» Instructions for the task
Could you please output only the lines from the one holding "21 Cricut Tool" through the end of the listing below, exactly as written and without pictures?

» Data section
************

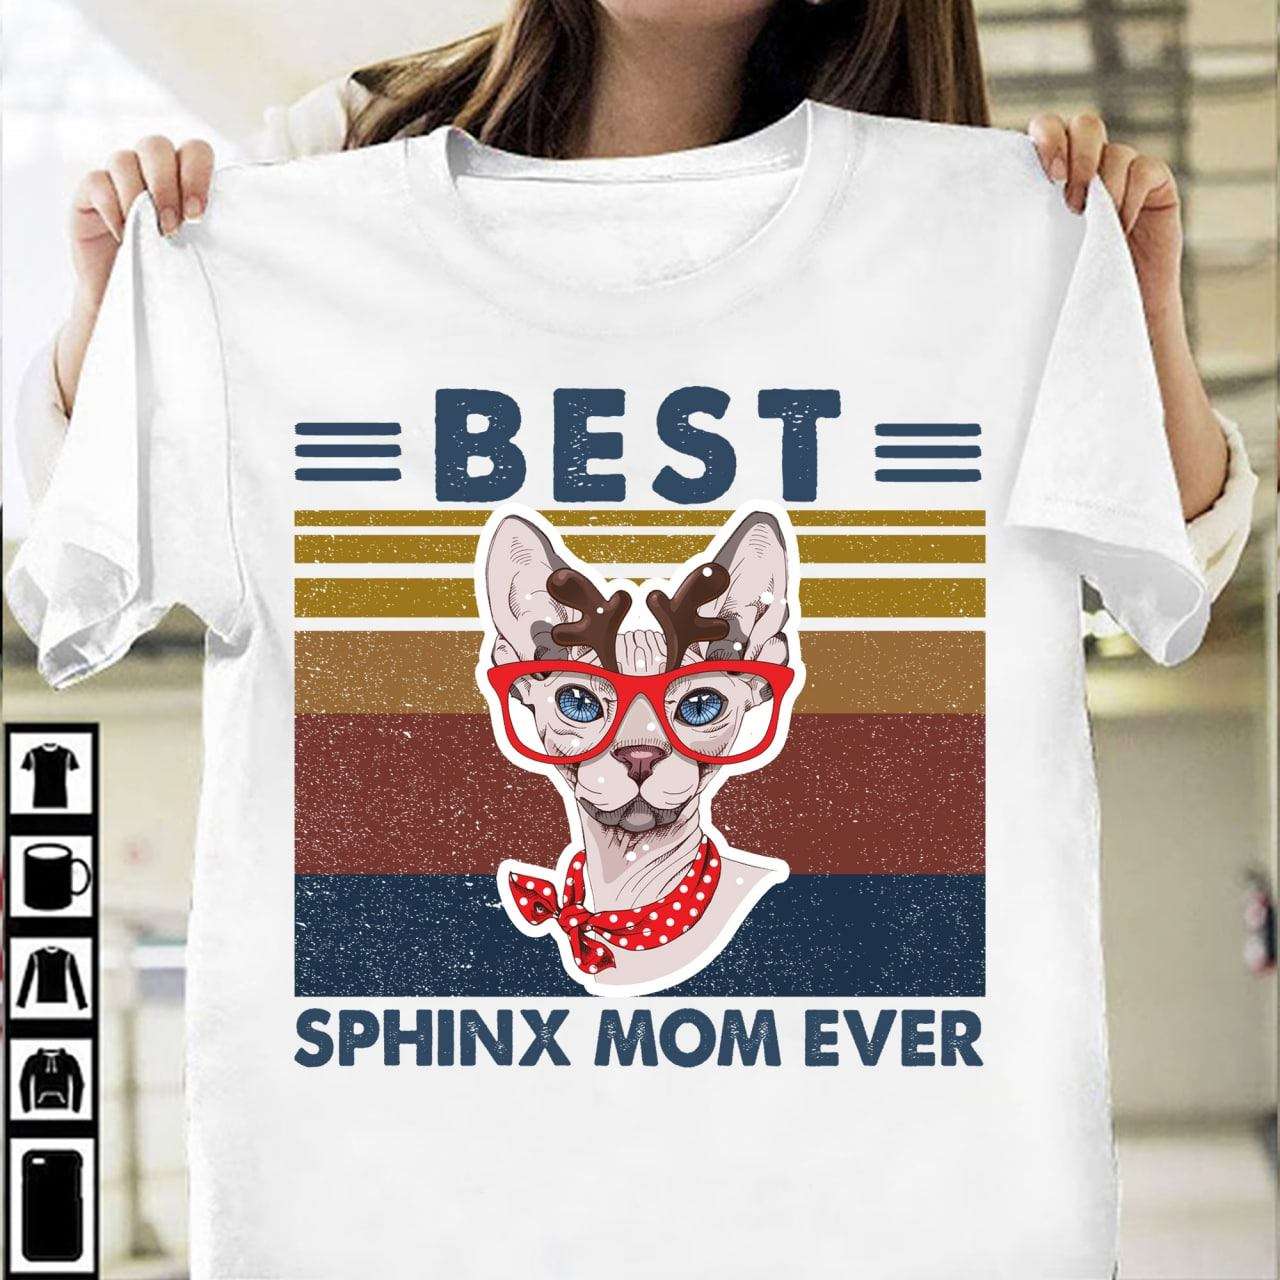 Best Sphynx mom ever - Sphynx cat, mother loves Sphynx cat
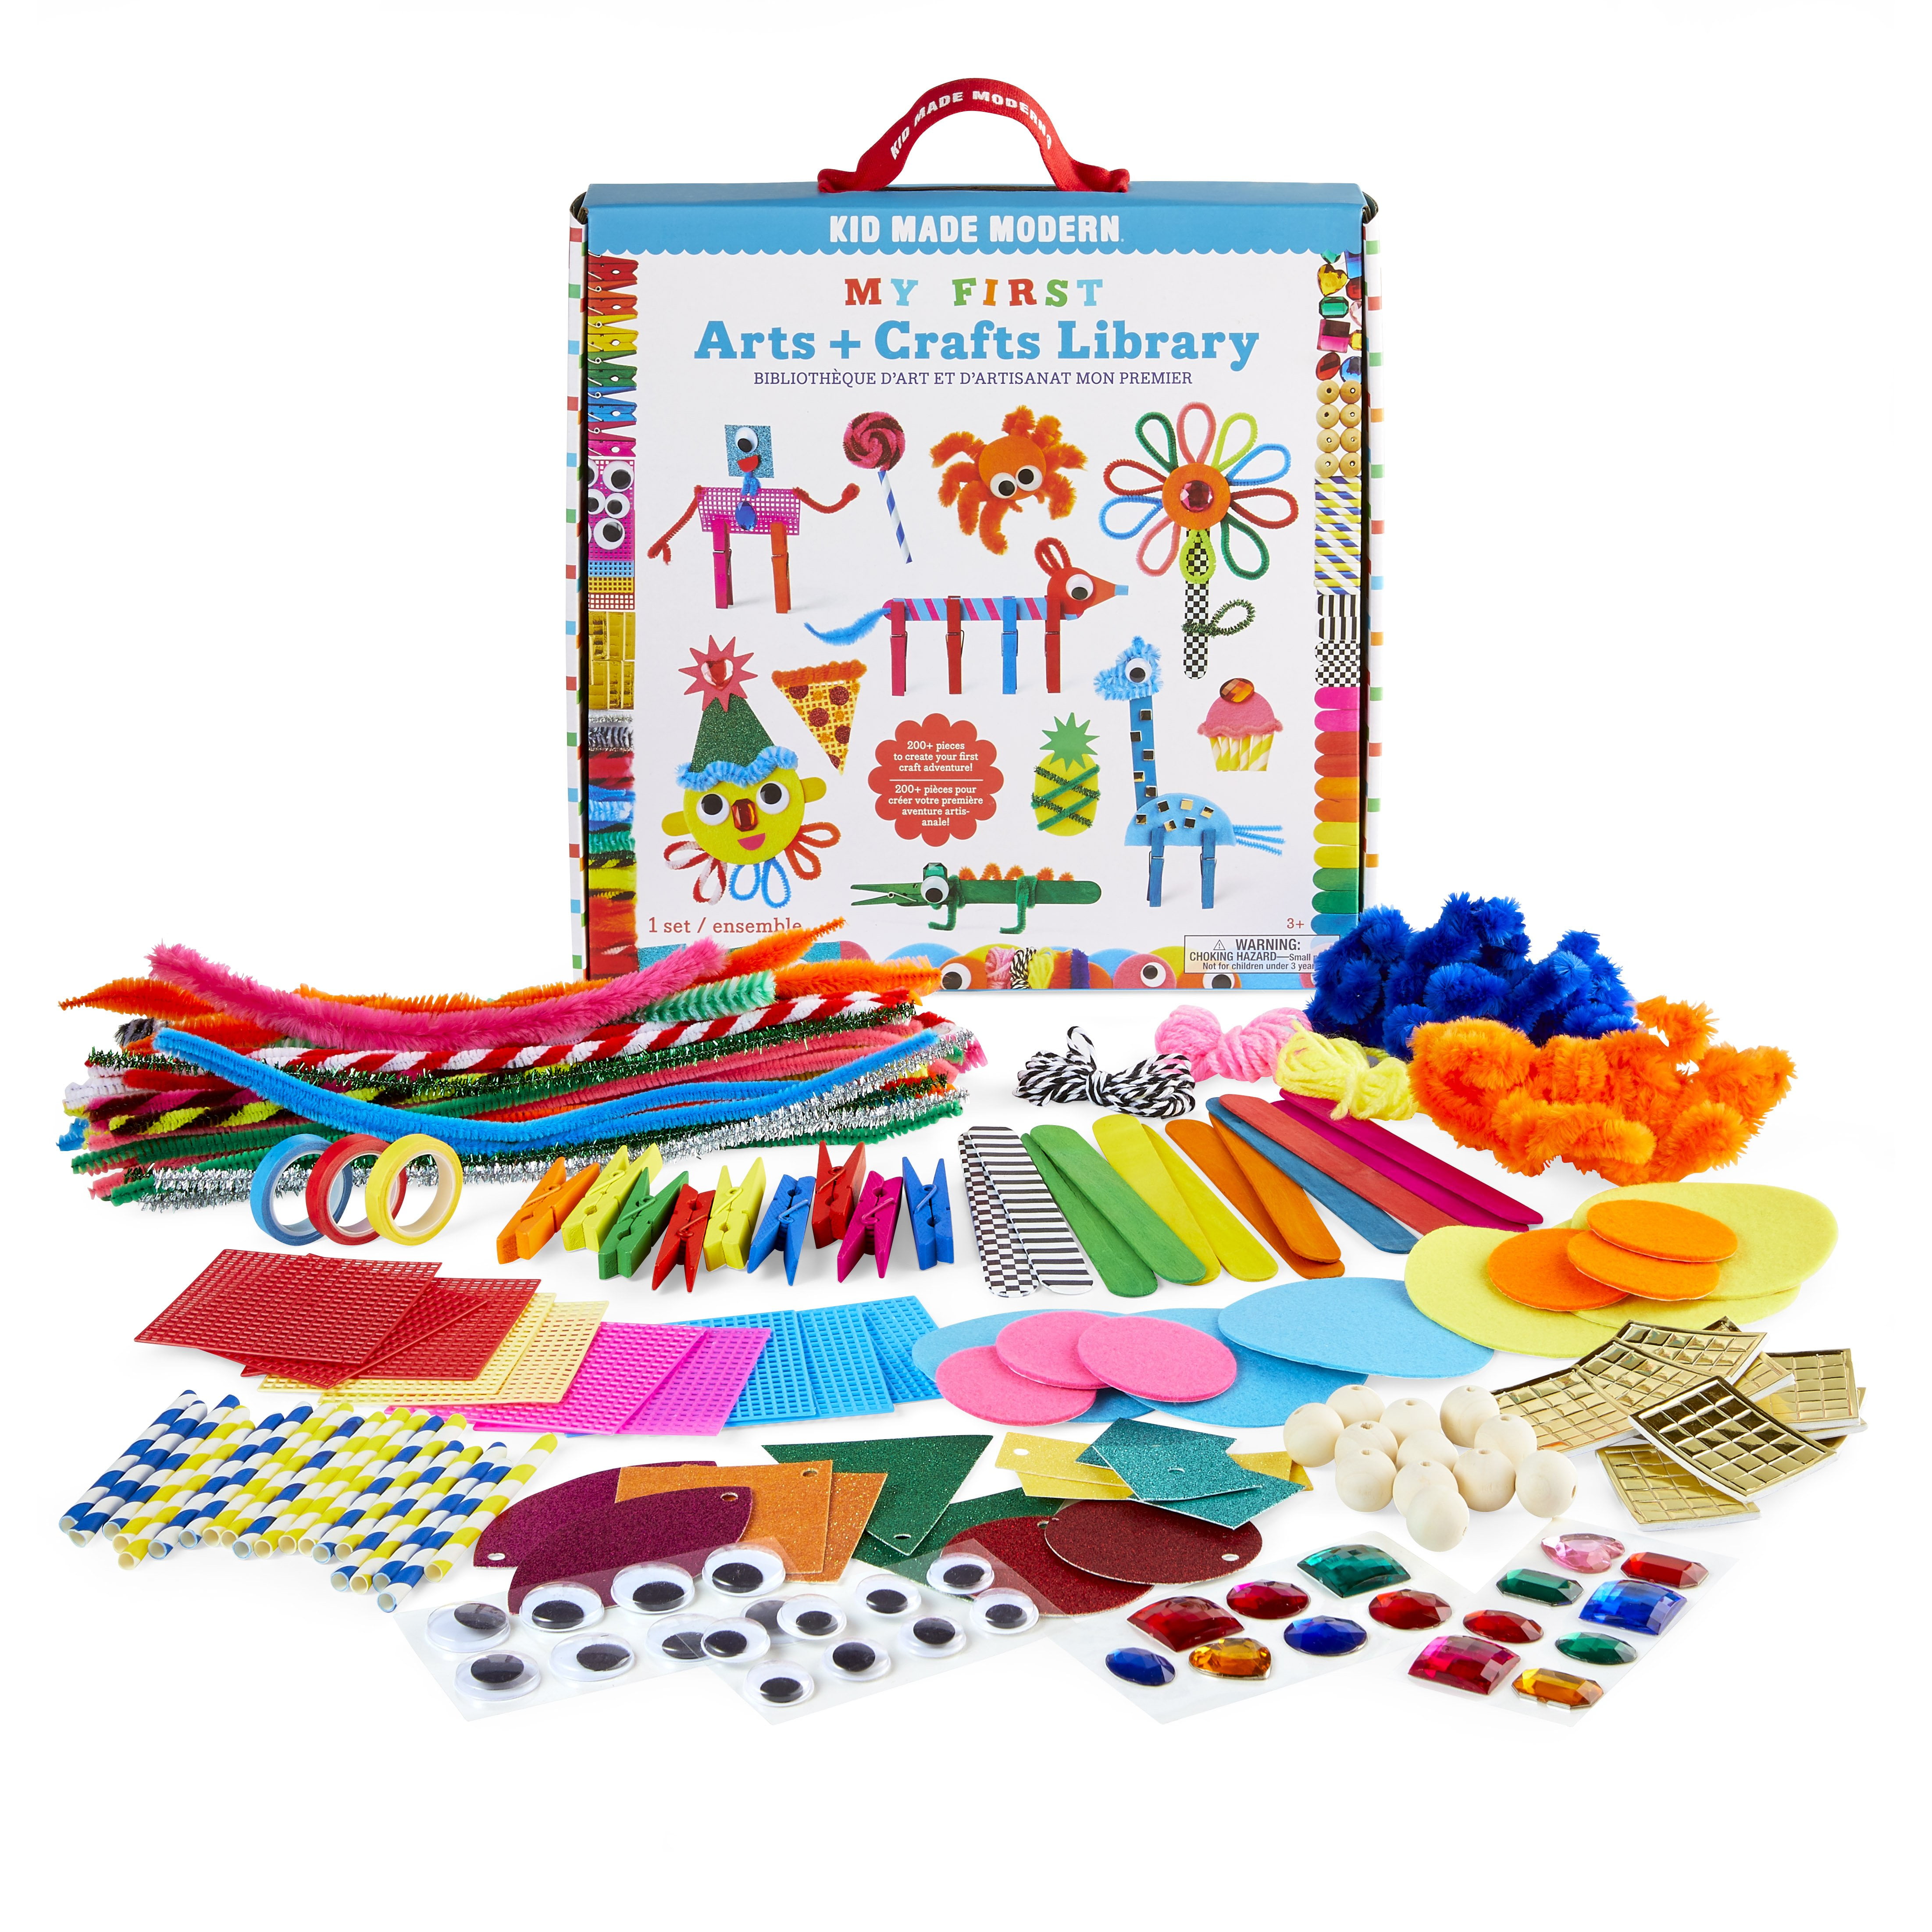 21 Cricut Tool Set Craft Basic Supplies Home School Scrapbook Crafts Accessories 
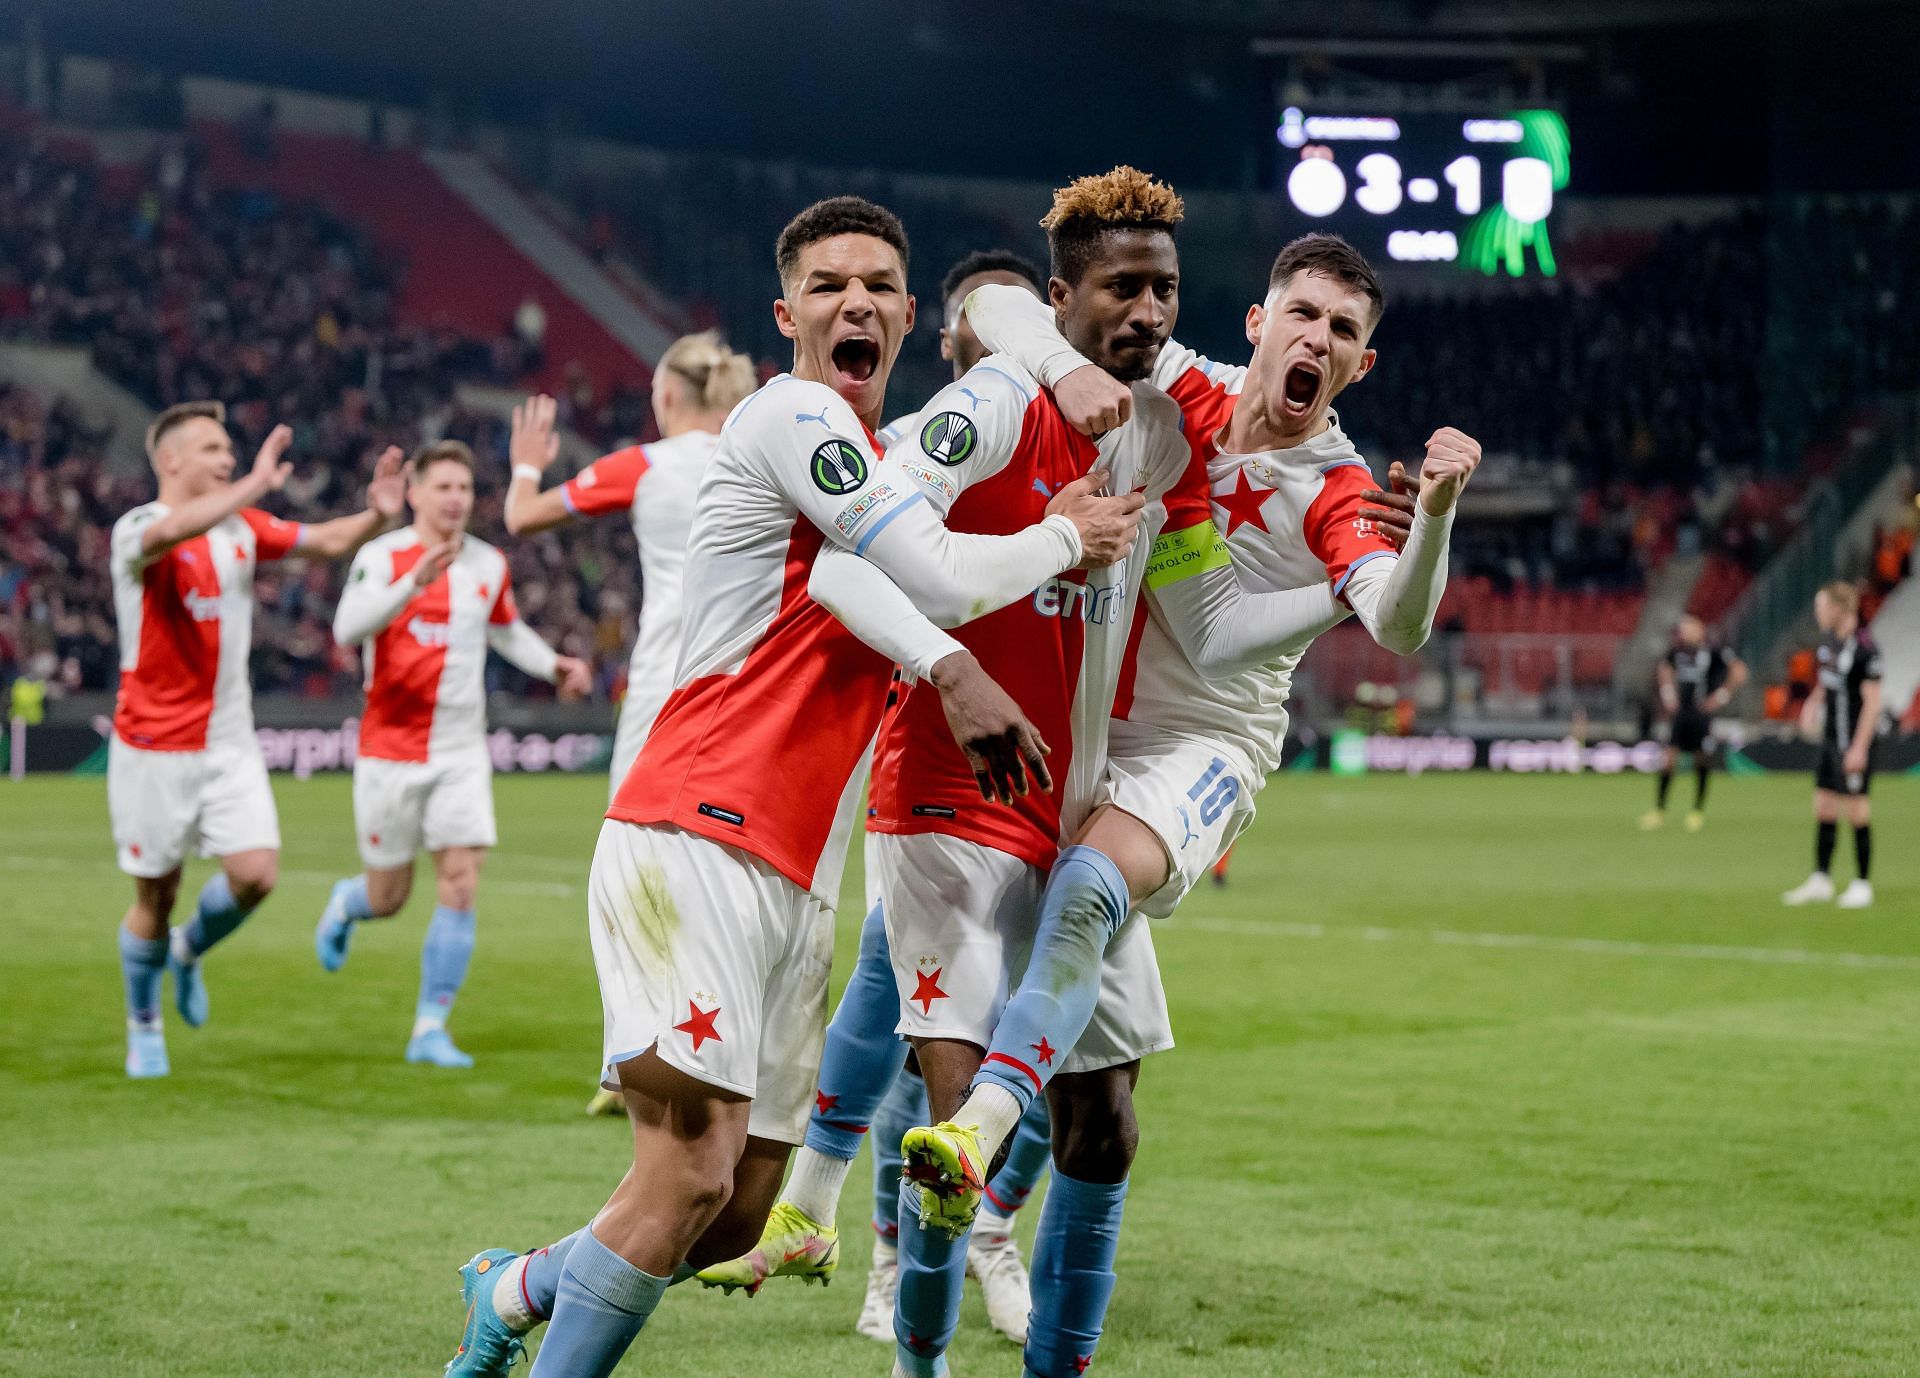 Goals and Highlights Servette 0-2 Slavia Prague in Europa League

************

» Written answer
 21 Cricut Tool Set Craft Basic Supplies Home School Scrapbook Crafts Accessories 
 Goals and Highlights Servette 0-2 Slavia Prague in Europa League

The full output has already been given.